Корнуоллис ответил не сразу. Он изучающе посмотрел на Брауна: привлекательный мужчина, не чета тем красномордым «дворянчикам». Бледное волевое лицо, вкрадчивый и внимательный взгляд, то и дело мелькает улыбка. Умный человек, наделен иронией. Правда, чрезмерно любит себя, упивается своим умом.

– А что, если он уже связан обязательством по отношению к самому себе? Такого вы не допускаете?

Браун мимолетно улыбнулся – точно весенний дождичек прошел.
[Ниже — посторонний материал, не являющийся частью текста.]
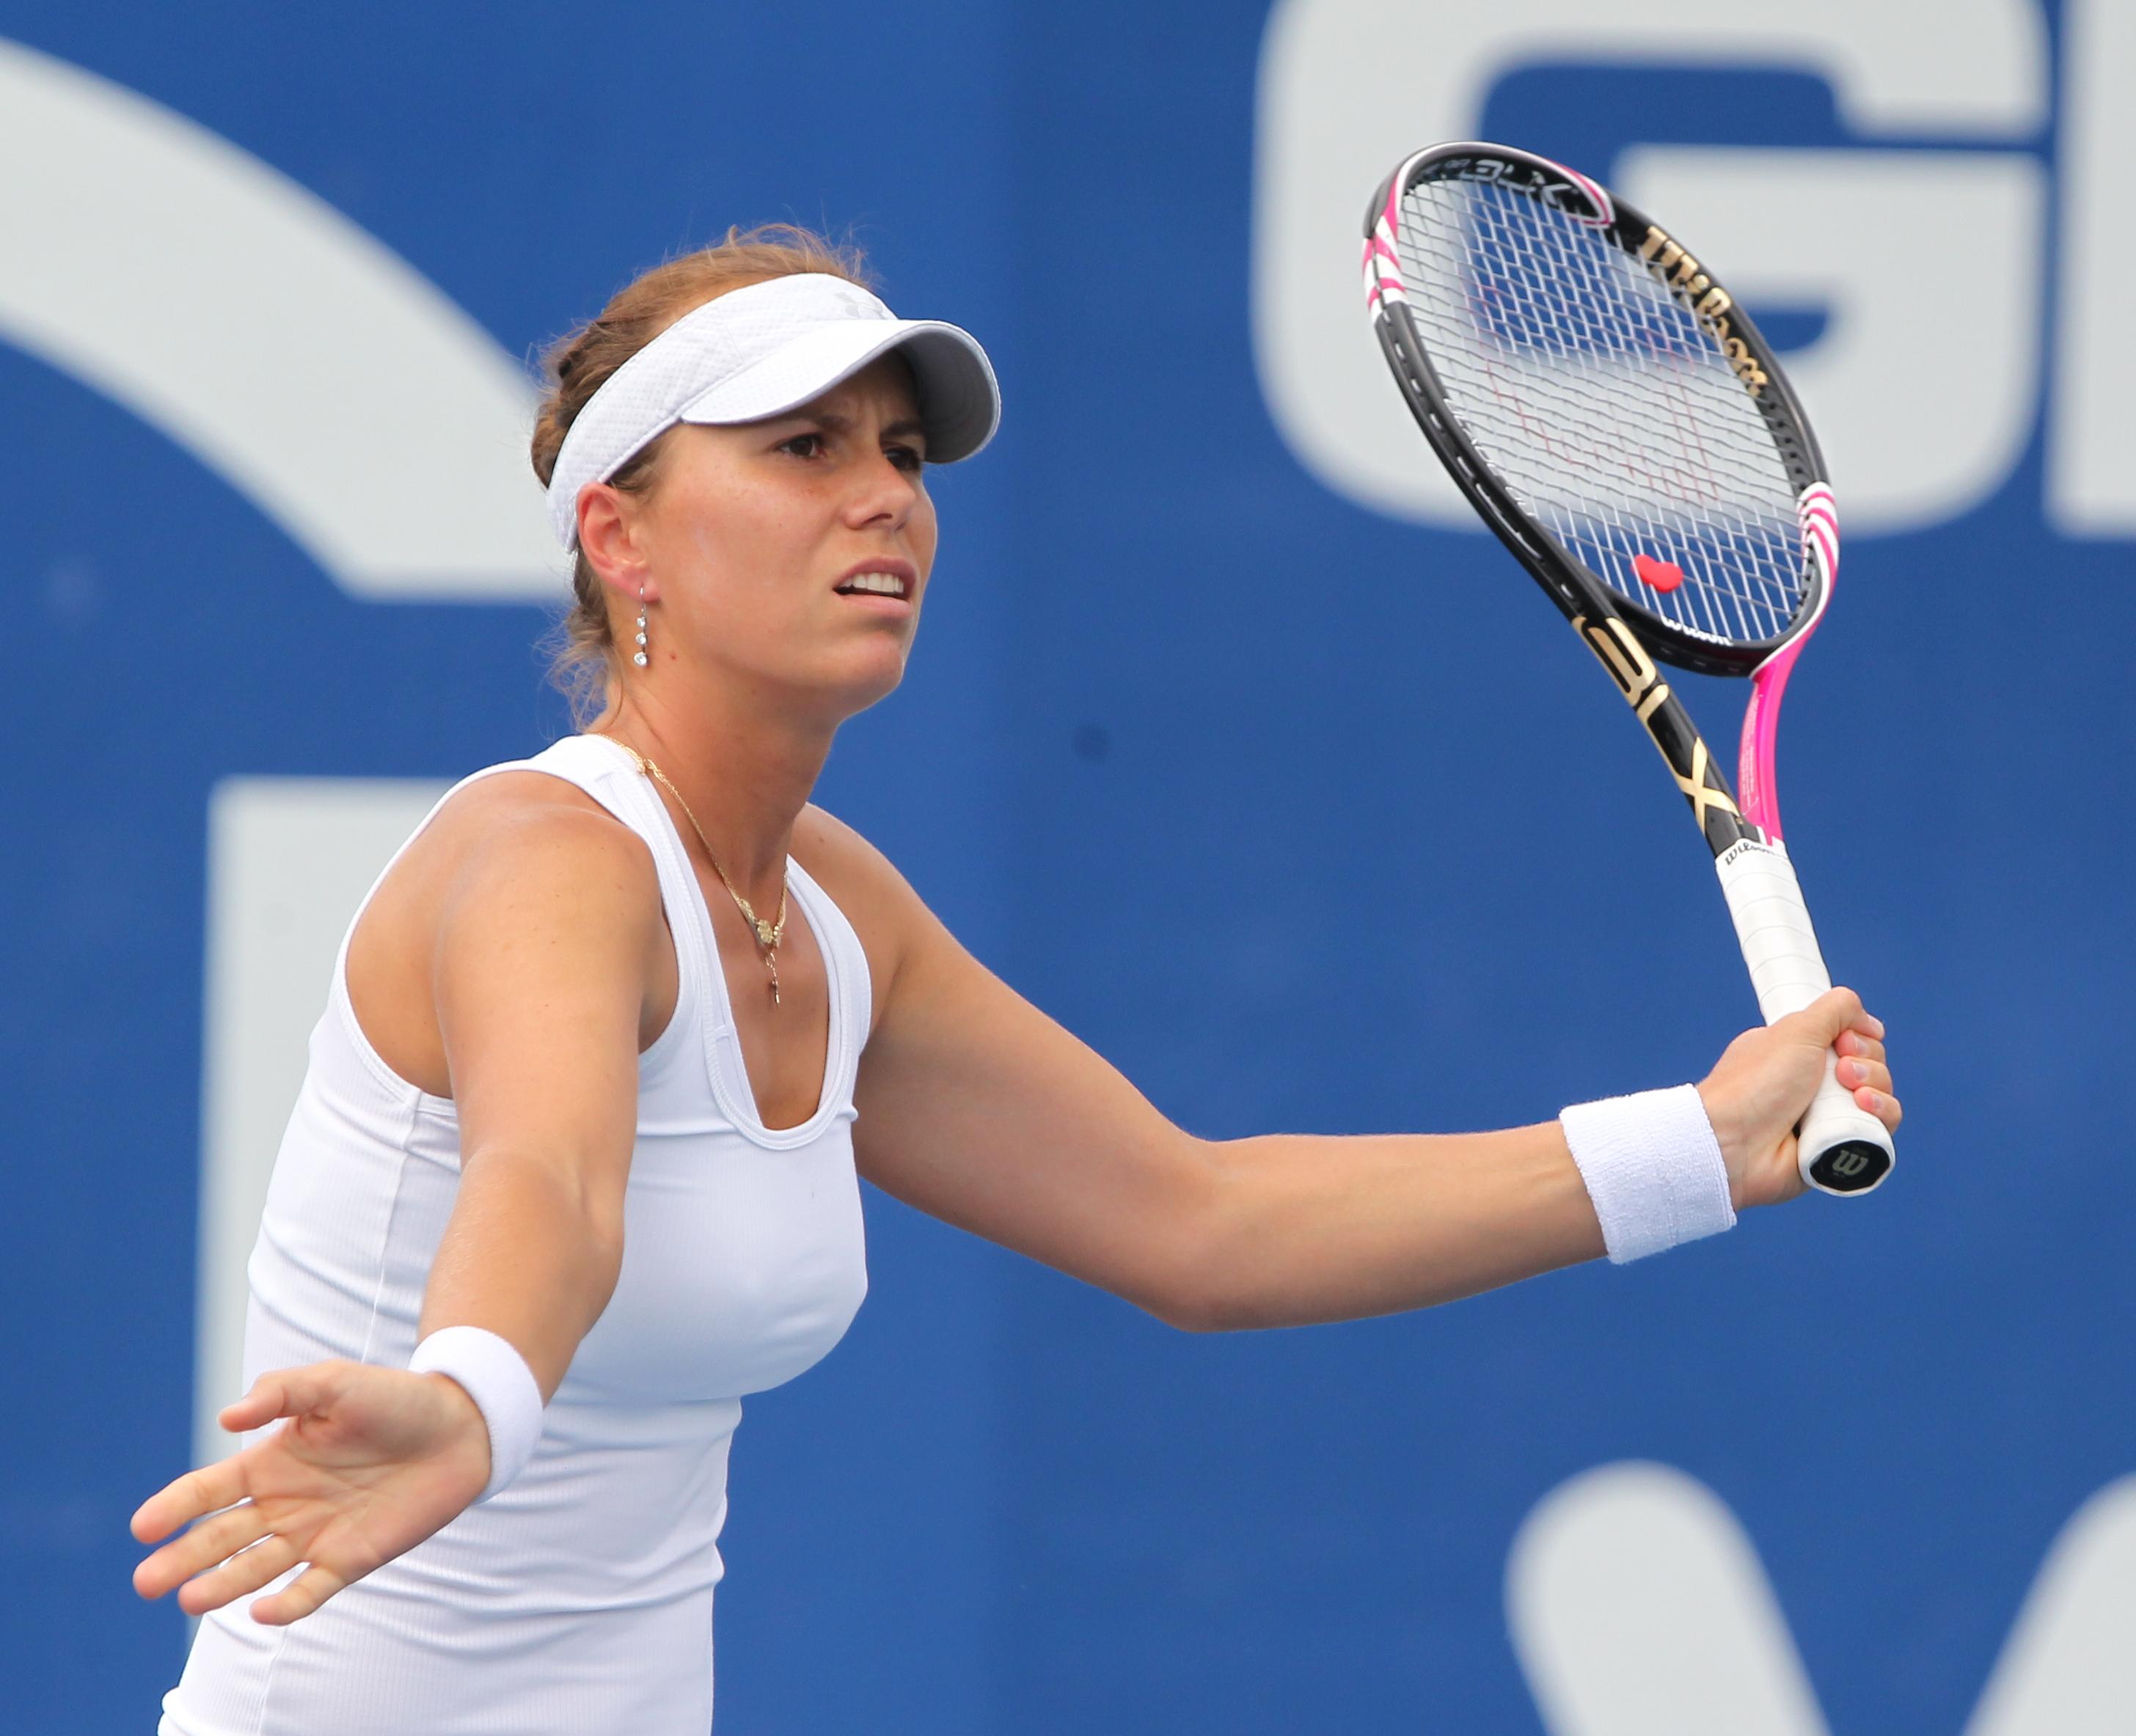 File:Varvara Lepchenko (5986705506).jpg Varvara Lepchenko Tennis

– Не допускаю. Друзья Джорджа в Англии занимают солидные посты. А мне почему-то думается, что вскорости все важнейшие дела Ирландии будут вершиться в Лондоне. По-моему, дни нашего игрушечного дублинского парламента сочтены. Впрочем, вам все известно куда лучше, чем мне. Много лучше… А истолковали вы меня верно: я бы с радостью оказал услугу Джорджу Муру.

– Тем более что вам она ничего не стоит, – вставил Корнуоллис, – всего-то малость: выпустить на свободу изменника.

– Ну зачем же на свободу?! – возмутился Браун. – Но и вешать не обязательно. Есть же и другие наказания. Ссылка сулит юноше довольно мрачную жизнь. А Джордж только спасибо скажет, если удастся отделаться ссылкой. А насчет Джона я вас не обманул. Я его отлично знаю. Он не изменник, а всего лишь избалованный мальчишка. Сначала отцом, а потом и Джорджем. Горячий и бесстрашный юноша. Думаю, вам бы он понравился.

– Сомневаюсь, – ответил Корнуоллис, – он уже не маленький, должен понимать, что зло, а что добро, и тягчайшее зло с его стороны – смущать души верных королю крестьян. Ведь у них в отличие от него нет заступников в суде. Пора вам в этой стране, и вельможе, и простолюдину, и богатому, и бедняку, понять, что закон сильнее их страстей и прихотей.

– Но вы же, право, и не утверждаете, что бедняга Джон должен непременно кончить на виселице? Поверьте, это огорчило бы очень многих, а не только Джорджа.

– Верно, не утверждаю, – кивнул Корнуоллис, – о переменах, которые грядут в Ирландии в ближайшие годы, стоит поговорить подробнее. Вы, господин Браун, человек очень толковый, и ваш совет будет кстати. Но, бога ради, последите за своей речью, не сбивайтесь на этот ужасный акцент. Вы куда более убедительны, когда разговариваете как англичанин.

– Господи, вы один из немногих англичан, кто так тонко чувствует нашу страну. Может, и у вас в жилах капелька ирландской крови?

– Простите за бестактность, господин Браун, но твердо говорю – нет.

Браун снова улыбнулся, на этот раз широко, не скрывая радости.

– Если вам позволяет время, давайте еще немного потолкуем об Ирландии. Что может быть дороже моему сердцу?

Часом позже Корнуоллис стоял у окна отведенных ему в замке покоев. Окна выходили на мощеный двор. Дождь то стихал, то принимался вновь. Двое солдат-часовых у статуи Правосудия с завязанными глазами промокли до нитки. Сгинул бы весь остров без следа под этим дождем – Англии стало бы спокойнее. Ирландия и так наполовину вода: дожди, болота, реки, озера, поросшие камышом. Вот человек в коричневом плаще что-то сказал часовым и бегом понесся во дворец, придерживая обеими руками шляпу от неистового ветра. Чиновник? Скорее, доносчик. Ирландия их любовно пестует: сначала они вкусят измены, потом в страхе бегут за спасением к властям. Тут, в этом огромном замке, современные кирпичные стены которого прилепились к старым башням времен Тюдоров, мы и скупаем у них по дешевке сведения. Елизавета покупала головы неугодной знати. Их вытаскивали из мешка за волосы, кровь капала на пол, не мигая смотрели мертвые глаза.